But there were no witnesses to the shifting motion, or to the maddened rats that began to fling themselves wildly out of the garbage piles.

The vermin were squealing with agony as they sprang into the night air. Their writhing bodies were as bizarre as their gyrations and screaking; they were covered not with fur but with what seemed to be shells, scintillating in the moonlight. The pinpricks of fire on their rodent bodies flashed crazily over the dump with a metallic sheen until there was a quick change to the crimson of blood. The rats were cloaked in sequins of death; a nightmare scene out of an animal hell.

Routine poisons normally controlled the noxious creatures everyone knew and tacitly accepted as living in the dump. Wafarins held the inevitable rat population in check, and the cockroach broods were standardly contained by pyrethrum and sodium fluoride. Since the prevailing southwest winds carried the stench conveniently out to sea, it was easy for the dump—out of the sight and smell of Yarkie’s homes—to remain out of mind.

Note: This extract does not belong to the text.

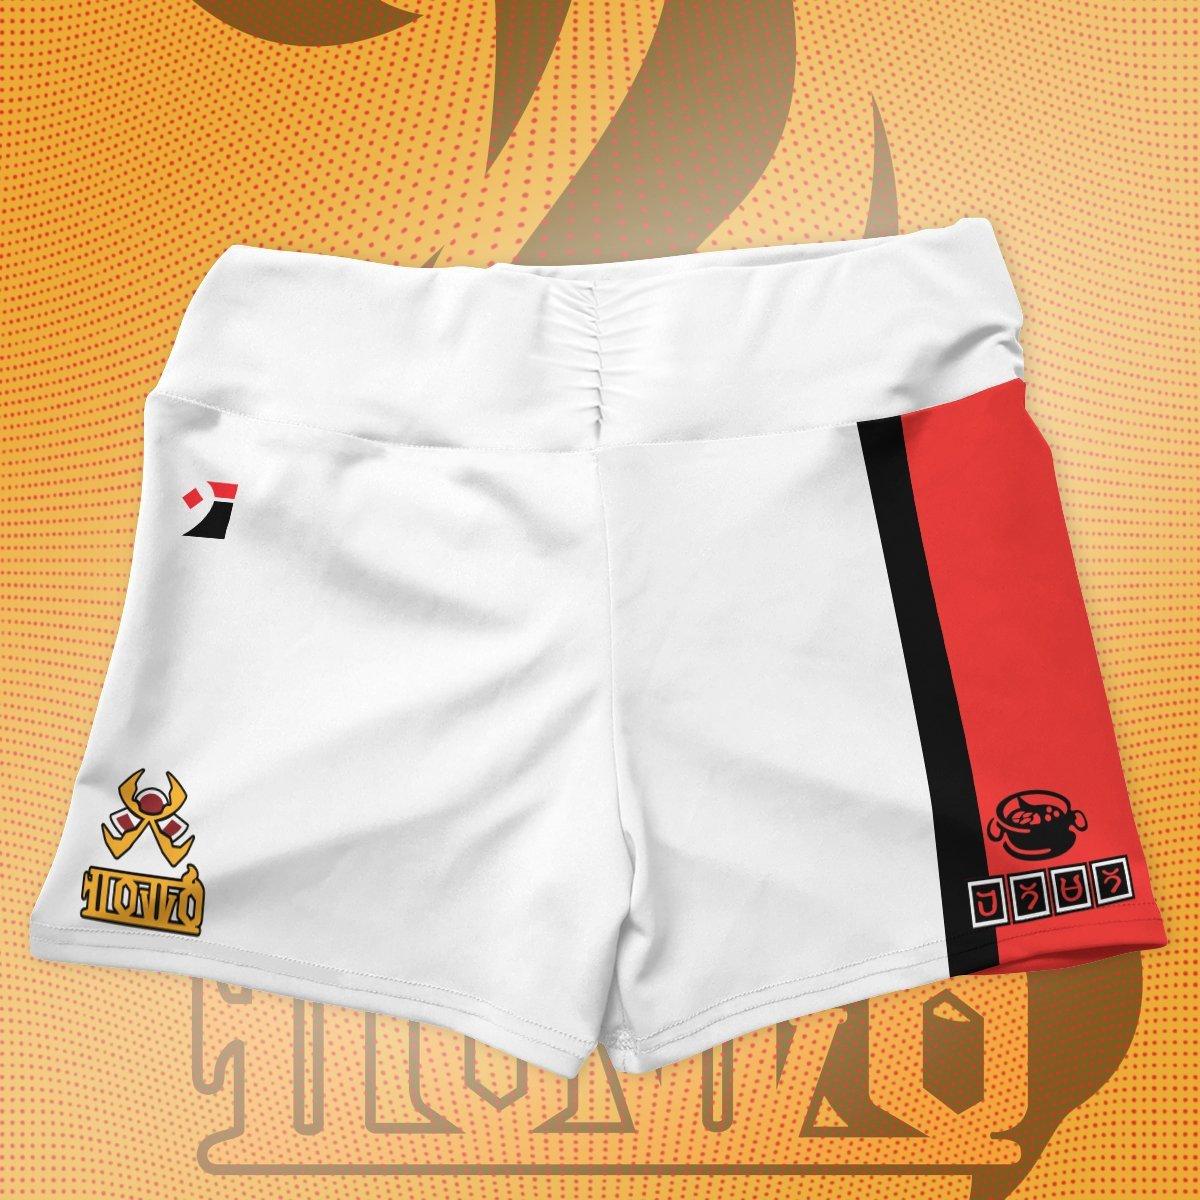 pokemon fire uniform active wear set 515761 - Anime Swimsuits

Thus, no one marked, suspected, or theorized about the slithering mass of preternatural life seething through the stinking intercises. No one considered or remarked that conditions were ideal for breeding in geometric multiplication. For cockroaches, particularly, the ever-enlarging dump was a great progenitive womb—warm, fetid, moist, with food so cornucopianly plentiful that everything crawling, creeping, and scurrying through the foulness could gorge to satiation.

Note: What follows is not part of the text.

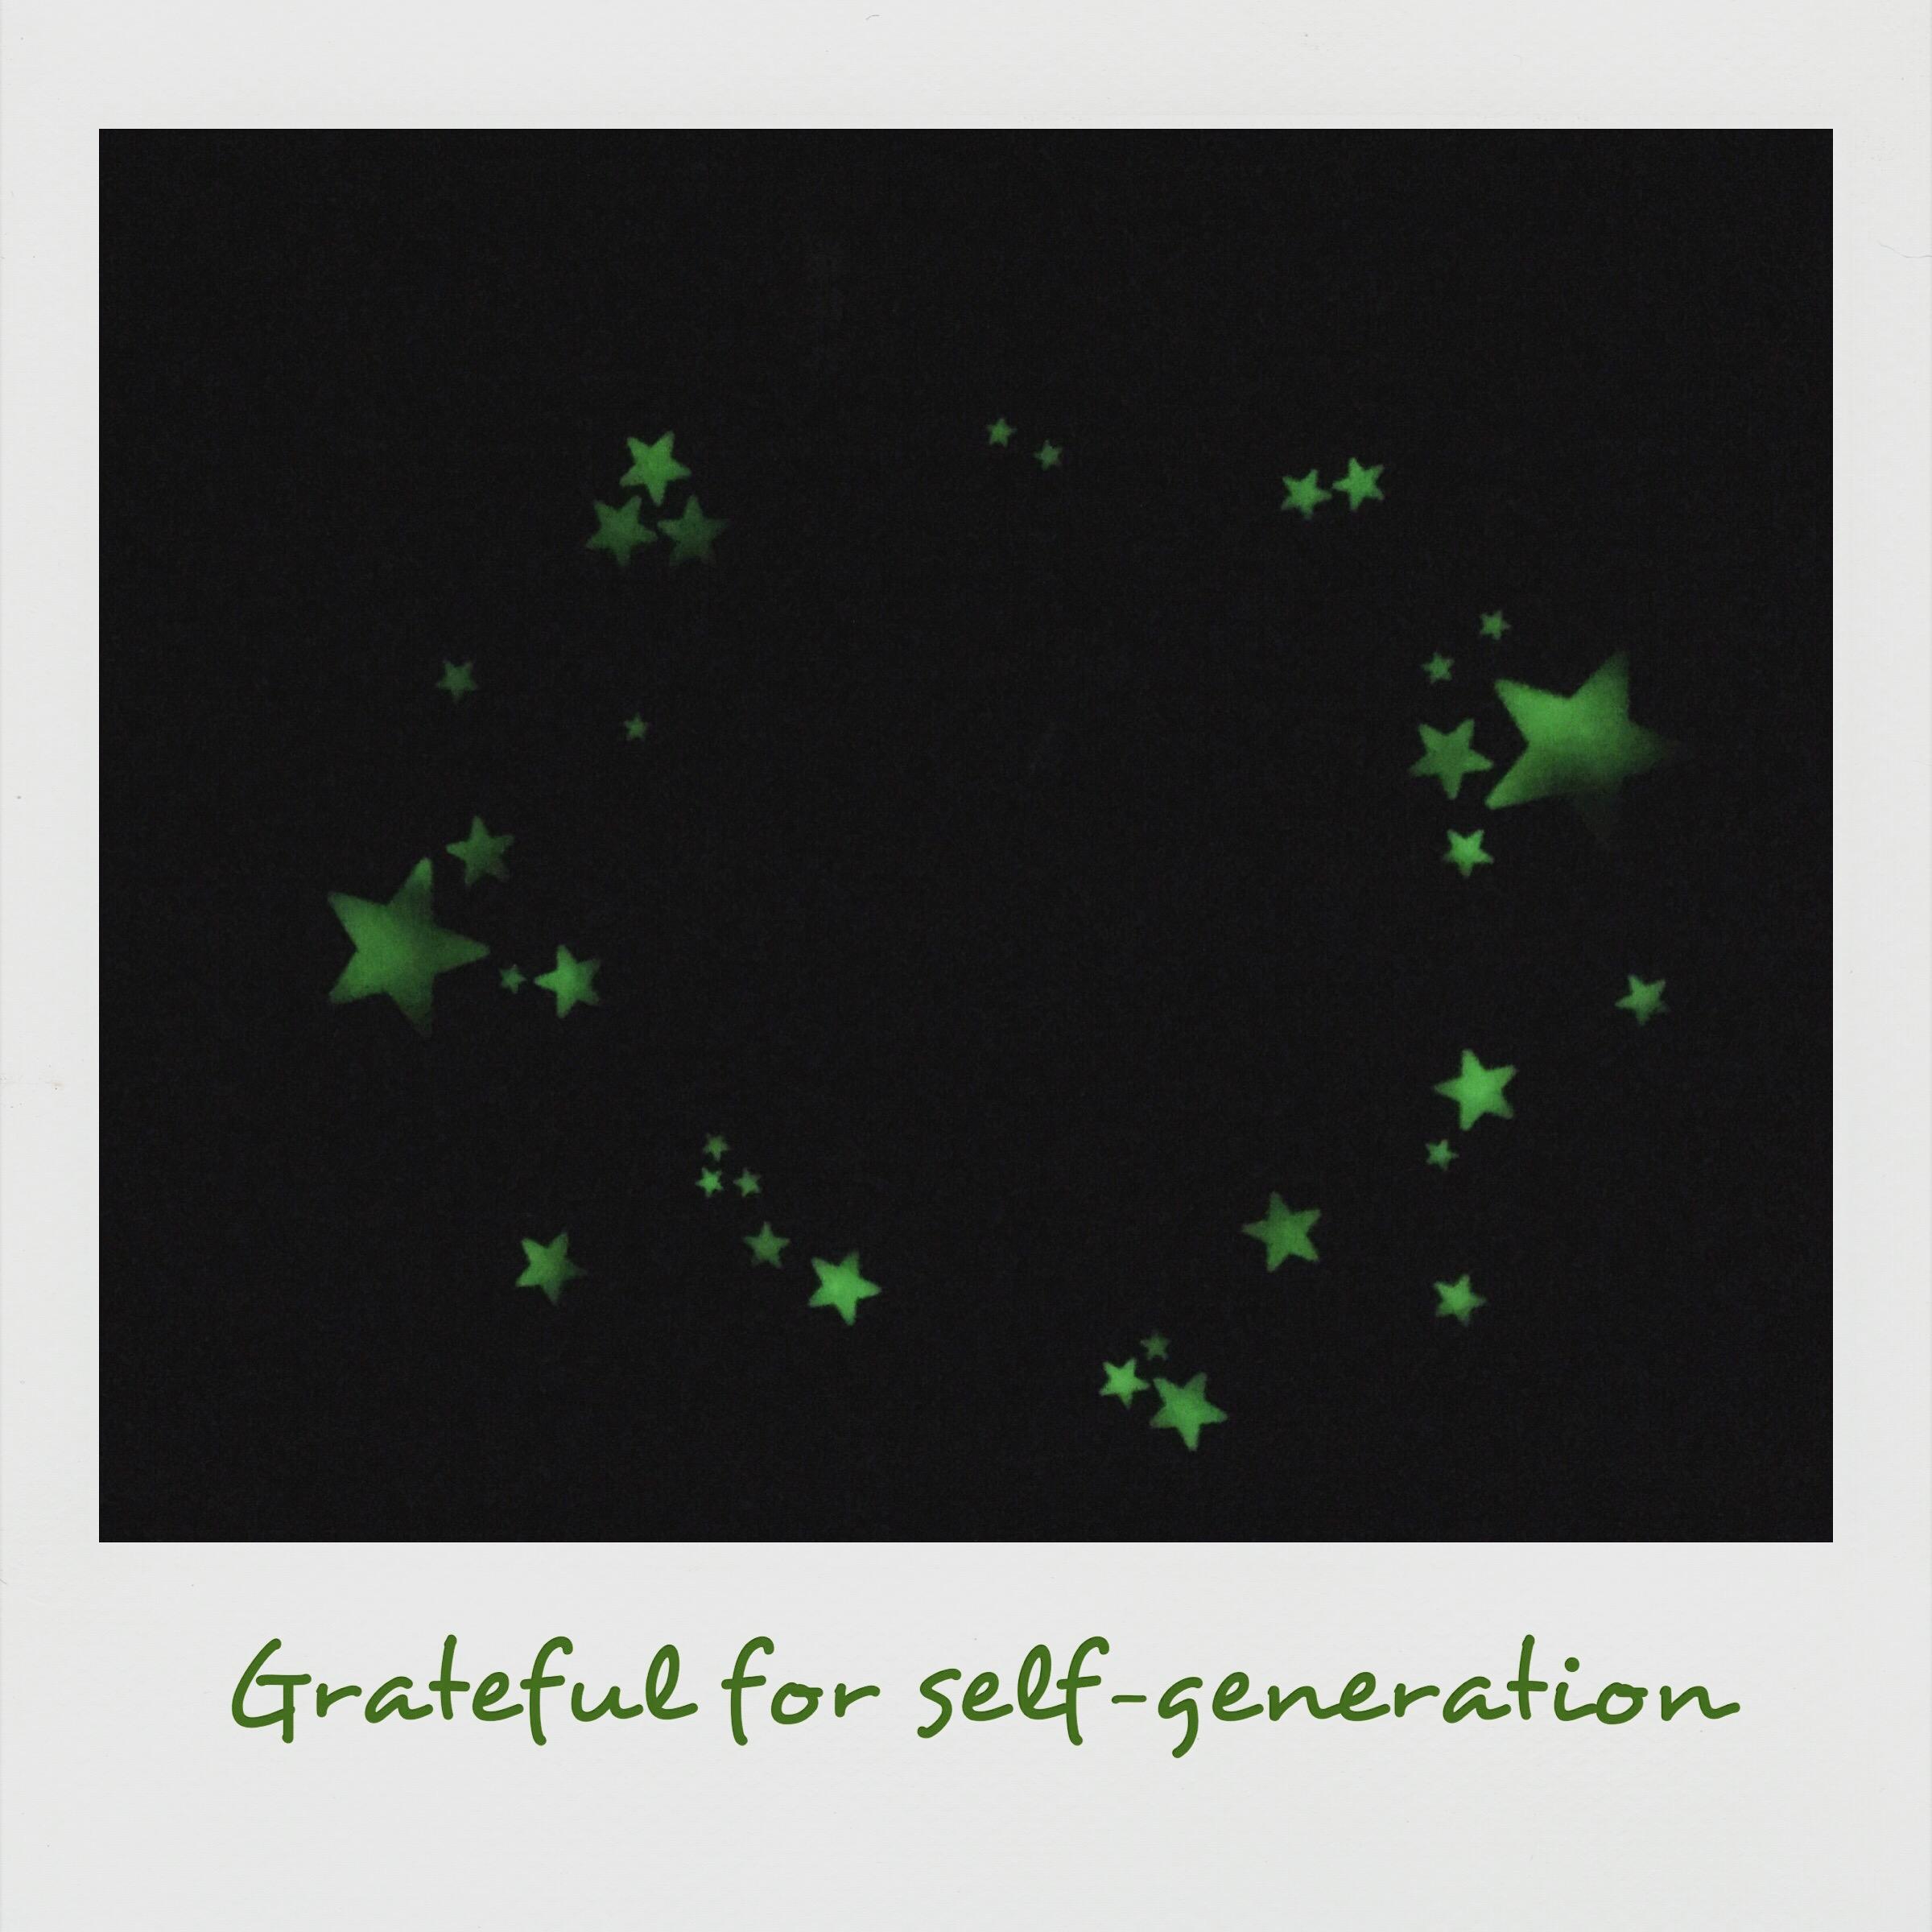 Grateful of self-generation

Until the change in Yarkie’s poison controls by unwitting health officials upset the balance Nature had contrived, and unleashed a new appetite that bloodless garbage could not satisfy.

Aside from the dump’s ugly acre at the northeast tip of Yarkie, the island was travelogue-picturesque. It sat “like a bowler hat” in the sea off the Cape some ten miles eastward of Chatham. It was about two miles wide, and four miles long, running south-north; with a central, forested dome—the “bowler”—bordered with beaches broken sharply by steep cliffs and ridges.

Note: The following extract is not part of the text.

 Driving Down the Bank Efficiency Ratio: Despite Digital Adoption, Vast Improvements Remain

The village of Yarkie rose on the west side, facing toward the Cape, above a deep-water harbor crowded with working fishing boats. The small town made a tidy New England grid of prim lawns and white spires amid tree-lined, red-bricked sidewalks. The old homes of long ago whaling captains stood doughtily behind boxwood hedges and whitewashed fences “making good neighbors.” Outside the town, the Yarkie houses were scattered on a lace of lanes, once cart and wagon roads and a challenge to the few cars that used them. Bikes and shank’s mare were more common on the island.

Most of the buildings were crisp white or gray shingles on hewn oak, what Thoreau had described as “sober-­looking, and reflecting the (Cape Cod) virtues of thrift, neatness and independence.” Almost all were topped with widow walks from which Yarkie wives and children had, as long ago as the late 1600s, scanned the surrounding waters for the first sign of sail of husband, son, brother, lover.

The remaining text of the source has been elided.